In dreams begin responsibilities--Yeats

  

I'm writing this story to tell you about a mistake, despite the fact that you might find it boring or might consider my writing style onerous or overeager. I begin with self-abnegation like any insecure writer of little consequence and (almost) no recognition. However, I still feel compelled to write my story, though I'm sure that compulsion is derived in some way from delusion. Have I caught your attention? Or have you already closed my book and replaced it on the shelf at the bookstore where you browsed absent-mindedly while scanning the room for an attractive man or woman?  It's a drizzly gray day in New York City. The perfect day for browsing in a bookstore, the industry of which, I'm happy to say, seems to be having a renaissance of sorts, despite all the hand-wringing about the death of the novel, and all the chatter about how eBooks will kill the “brick and mortar” bookstore as they like to call the non-virtual bookstores these days. Despite all the hub-bub, both new and used bookstores seem to be sprouting up throughout the five boroughs and with them a demand for all sorts of new books. Which is likely why my book was published at all, it being a rather uninteresting tale about a single man in New York City who goes into a deep state of despondency, or a vague malaise, when his girlfriend abruptly leaves him; and this resurgence of bookstores is likely why it even occurred to you to enter the bookstore, since you had been aimlessly wandering the sidewalks, enjoying the cool drizzle, the first break in the heat of a long summer, and low and behold, there was this new bookstore, one of the few to carry my book.

If you must know, the man in my book was deeply in love with the woman or girl who left him—more so than with any previous girlfriend. She was much younger than he was, which was part of the problem, and yet they got along smashingly and all their friends, both his (older) and hers (younger) were constantly commenting on how great they looked together, and how it was like a modern day fairytale, you know, where love conquers all despite the cards being stacked against the two lovers…The protagonist maintained a certain sense of foreboding that something ultimately would go wrong, that, in fact, it was too good to be true, that she was young and still had so much to experience in life, men to sleep with, places to see etc., whereas he had become set in his ways, had a well-established job at a mid-level culinary magazine, a comfortable apartment (that he invited his young girlfriend to share with him after she was evicted from her apartment for not paying rent), and was at a point in his life where he looked forward to settling down with someone and perhaps considering a family, though he'd never thought of himself as a family man and had a very hard time picturing himself dandling his own child on his knee.

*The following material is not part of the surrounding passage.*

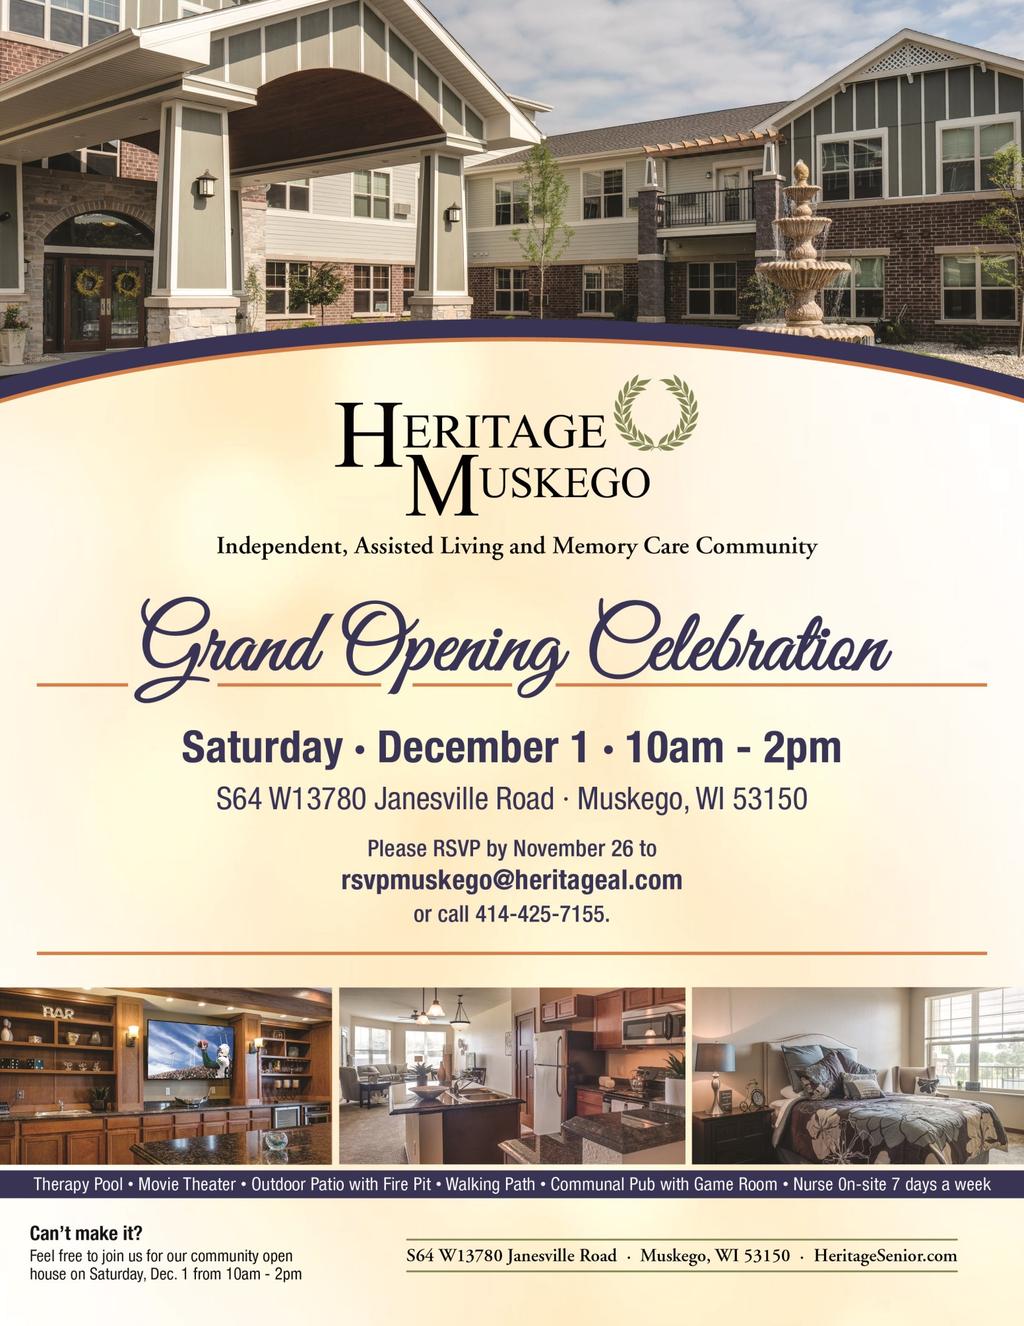 PAGE 4 Heritage Muskego Open House Heritage Muskego is an Independent, Assisted Living, and Memory Care Community built on Heritage Church s former property along

While for him she was a renaissance, a reversal of the onslaught of time that had rendered him a 41 year old man of vague and possibly fading charms, for her he was more of an adventure who, despite his waning age and lack of rock star status was nonetheless better in bed than any boy or man she had been with, was well-read and pithy, had good taste and knew how to make her laugh, so any hesitation she had about giving herself over completely to him was virtually erased, ameliorated even more by the fact that at 23, very few things in life had a sense of permanence. He still remembered those days, even more so when he was with her. In a way it all came flooding back and he felt as if each day was in fact new and fresh and that decisions could be made at the drop of a hat, apartments and cities abandoned for aimless road trips, crappy jobs held for two weeks left with no notice. And so, as the story goes, one day it was I love you so much, the next day it was splitsville.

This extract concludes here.